The well-defined lamellations of different density in diabetic cataract lens may be associated with varied glucose levels.
There is an inverse correlation between plasma Zn and age. It has been reported that decreases in serum Zn levels are associated with ageing and other disease states. Thus, Zn could play a key role as antioxidant in aging.13 With aging the water content of the lens decreases and more soluble protein becomes insoluble and the concentration of calcium increases, this causes opacity of the lenses.14 In our study it was observed that the senile cataract lenses had more pronounced changes as compared to the diabetics. In the studies done previously by Vrensen et al, three age related changes were observed. Ruptured membrane, water vacuoles and multilamellar bodies in the senile lenses.15 These findings are in accordance with our studies.

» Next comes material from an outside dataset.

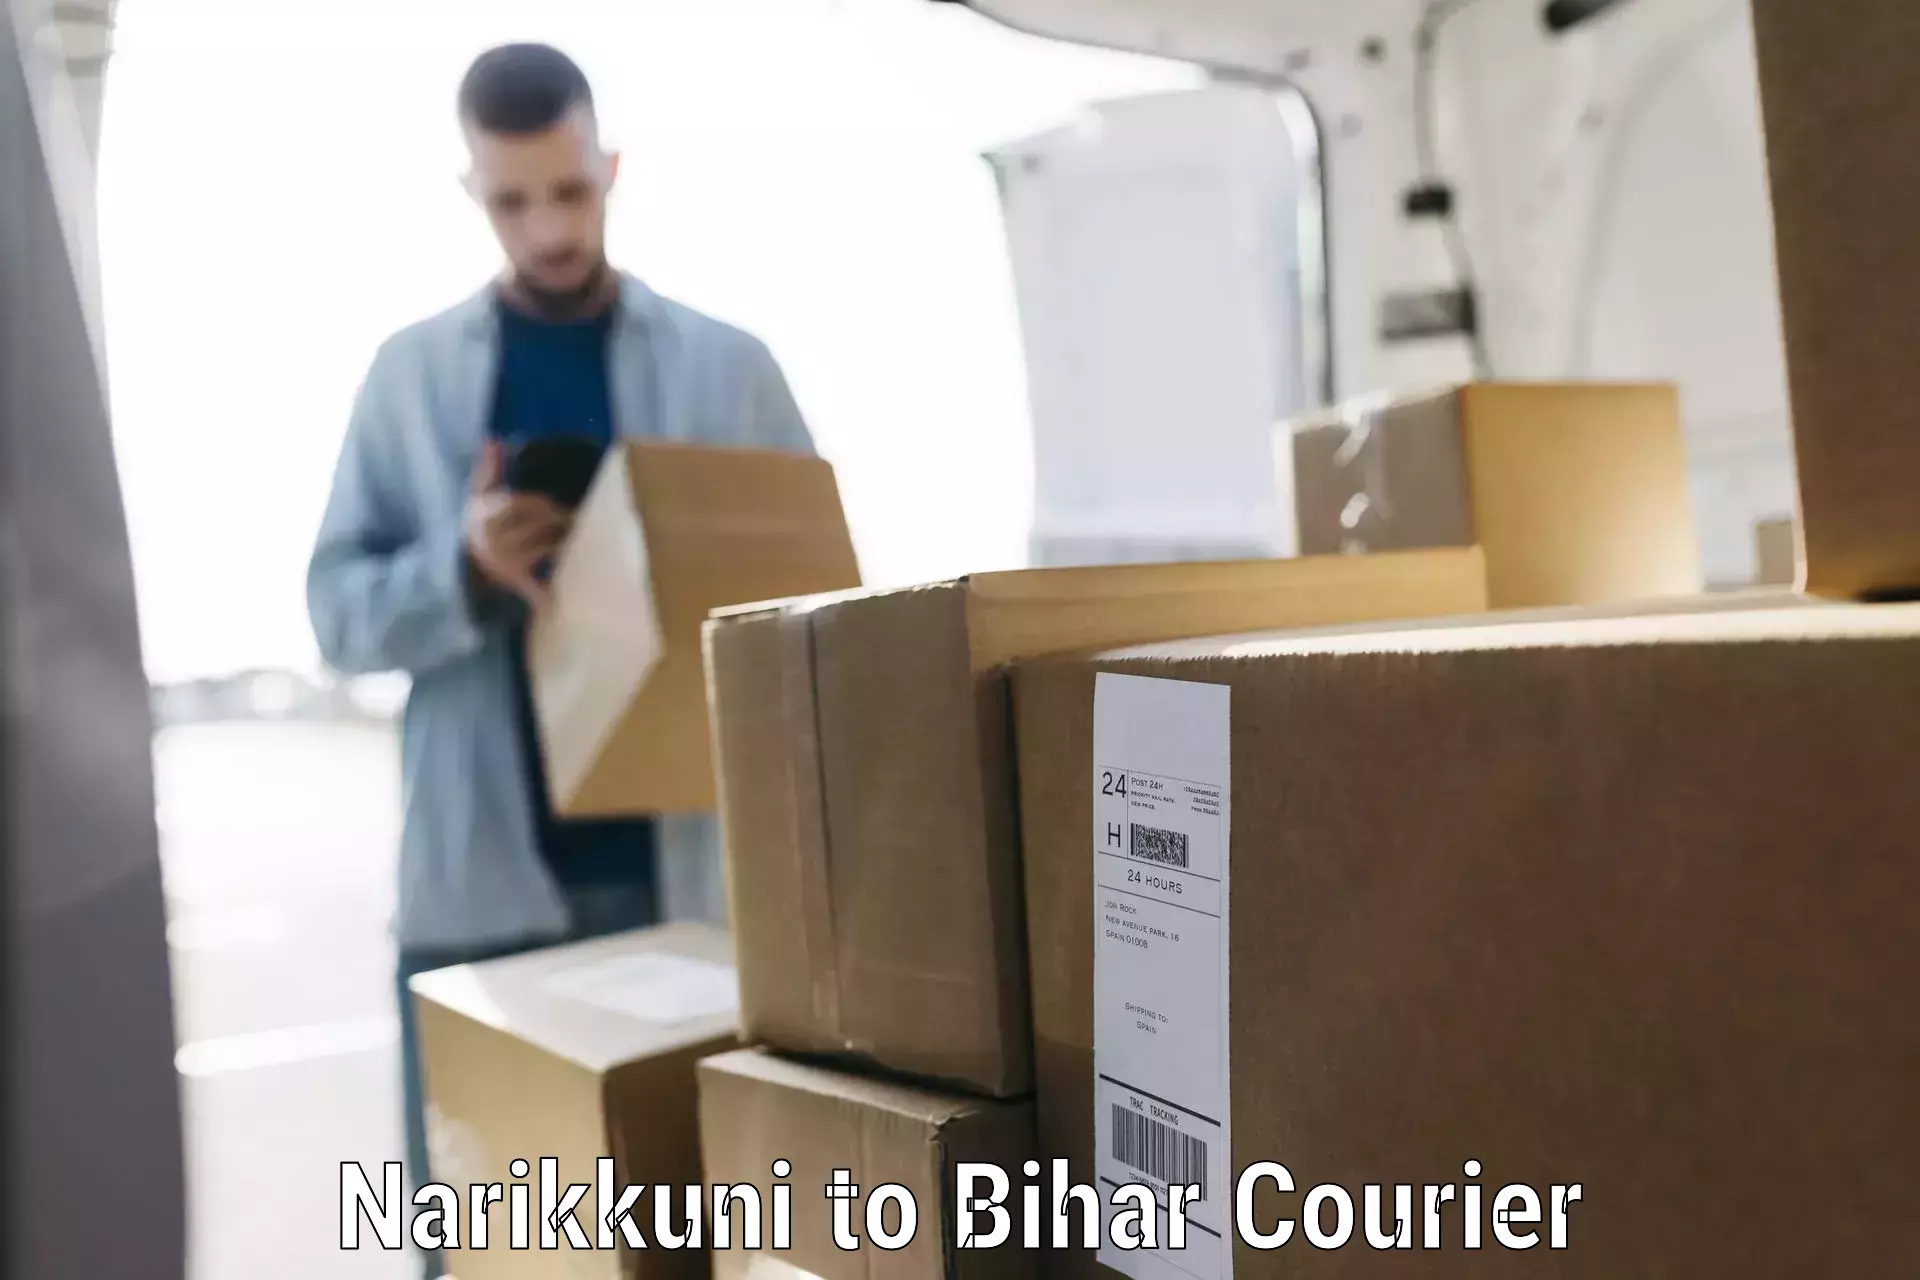 Luggage delivery network Narikkuni to Sugauna
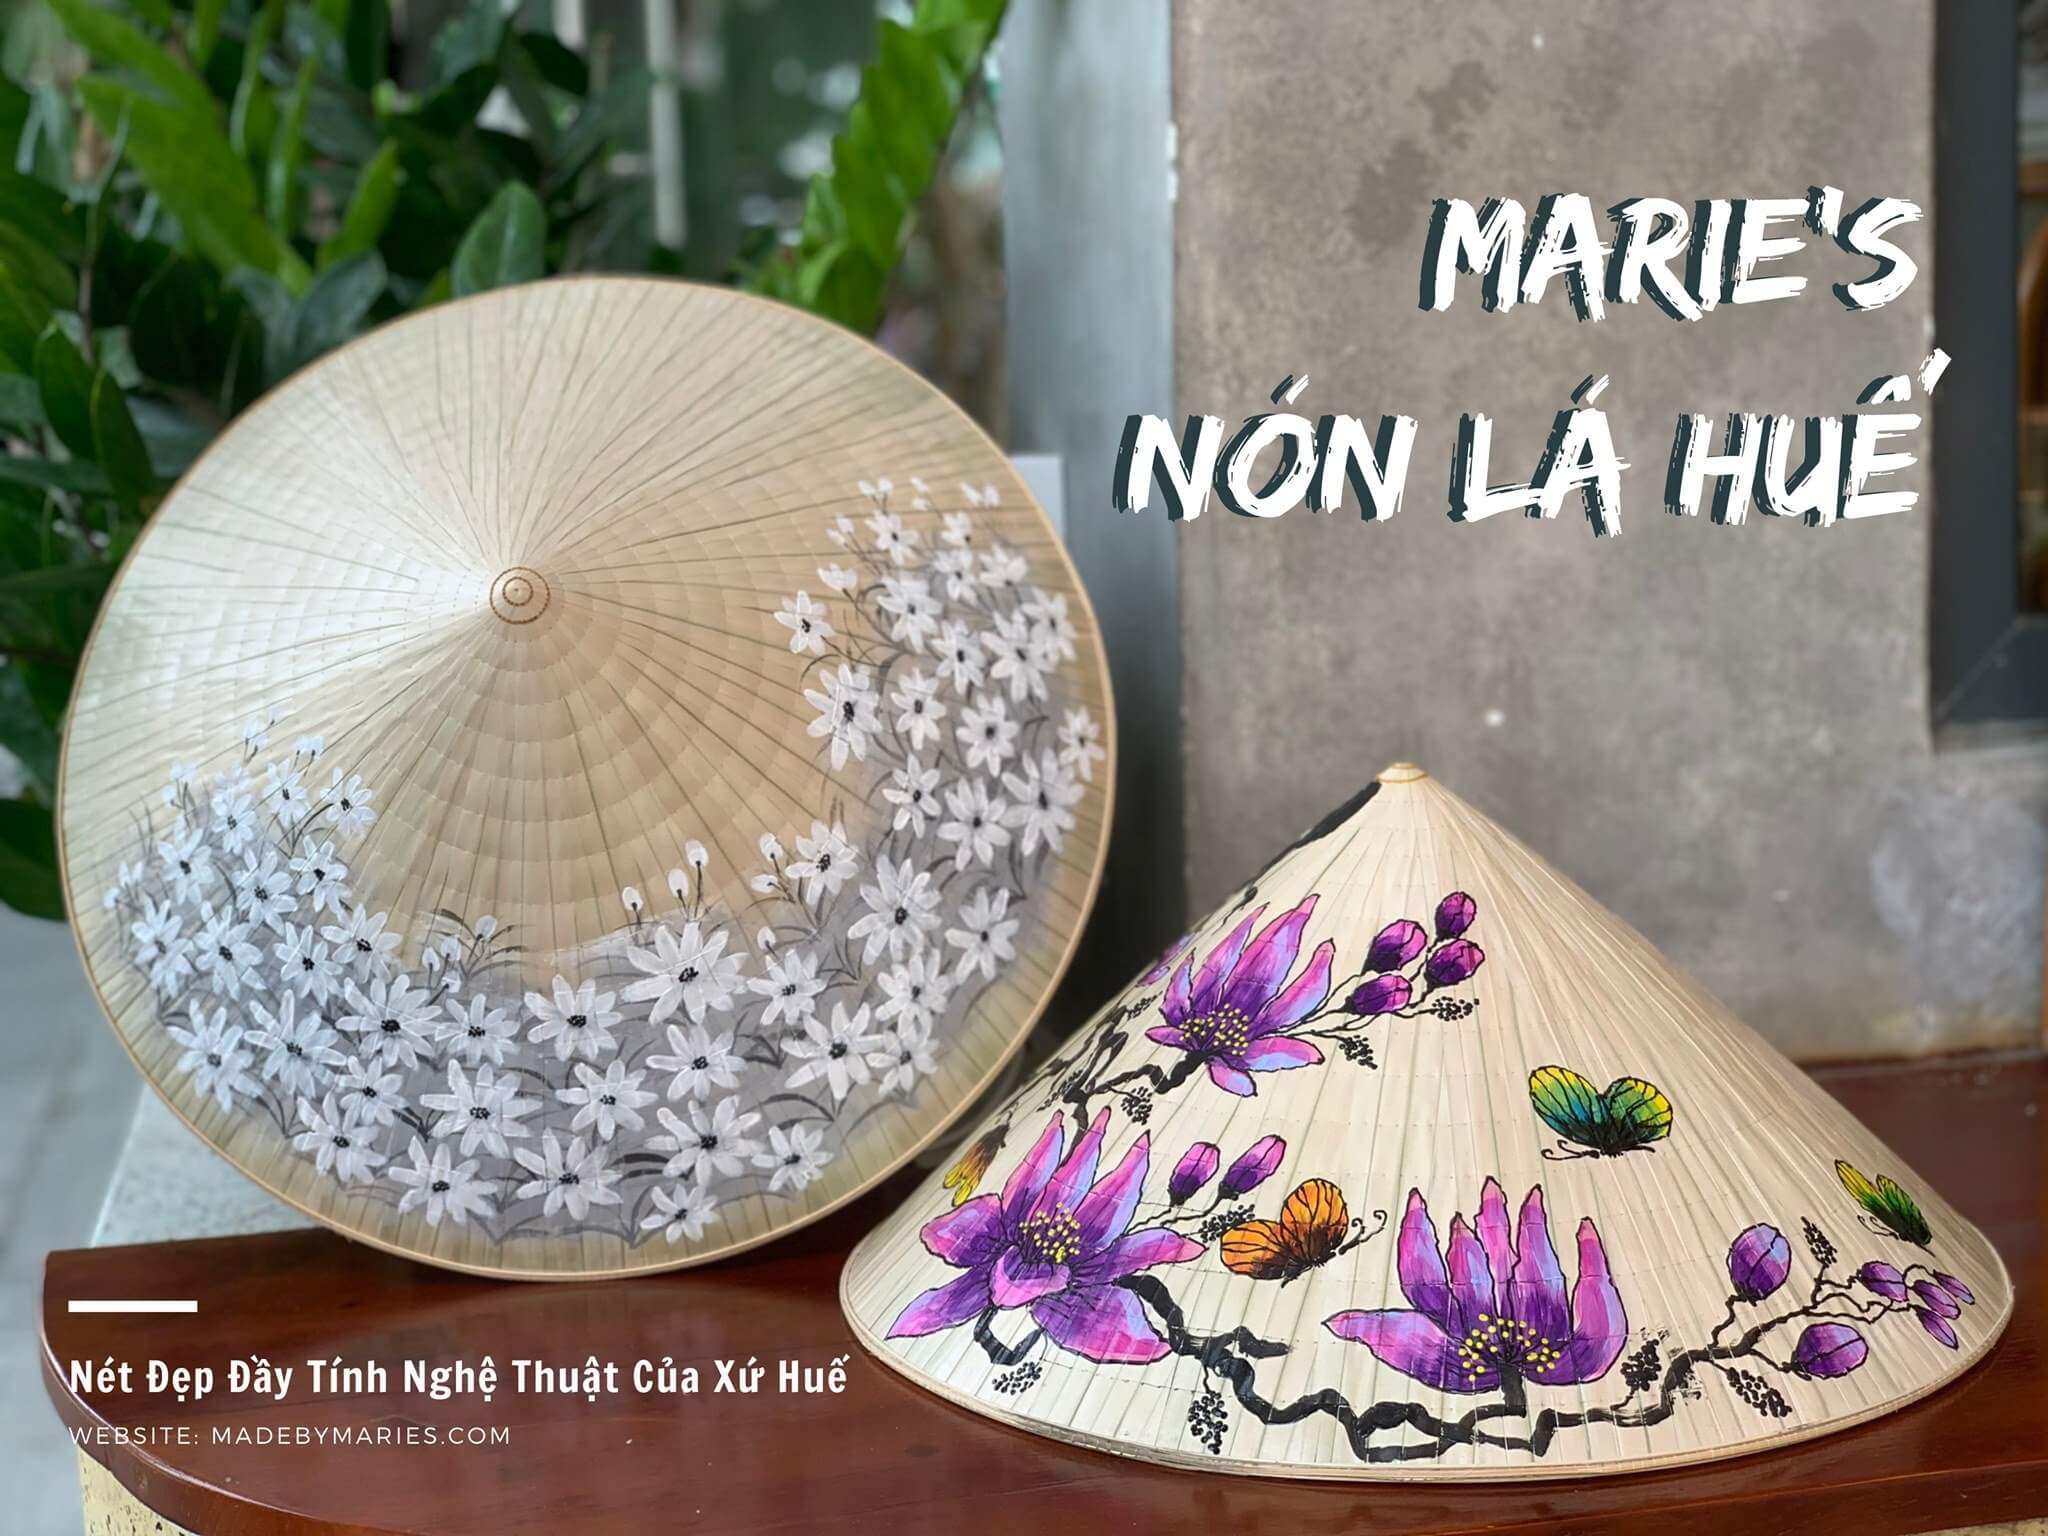 Văn hóa nón lá Huế - Maries - By Viet Artisans

In case of diabetics lenses in previous studies different lamellar bands in lenses have been attributed to raise blood glucose levels.16 This is also seen in our present study. Many biochemical mechanisms by which zinc influence cell metabolism need to be explored. However, some of these biochemical and physiological mechanisms can be explained on the basis of deficiency states and for this purpose further studies need to be done on the potential of zinc in the prevention of cataract occurrence.

Conclusion

The study findings show a significant decrease in the levels of zinc in the diabetic group as compared to senile group. Further electron microscopic studies and assessment of zinc levels in both types of lenses can confirm manifestations of zinc deficiency that leads to early histological changes in lenses.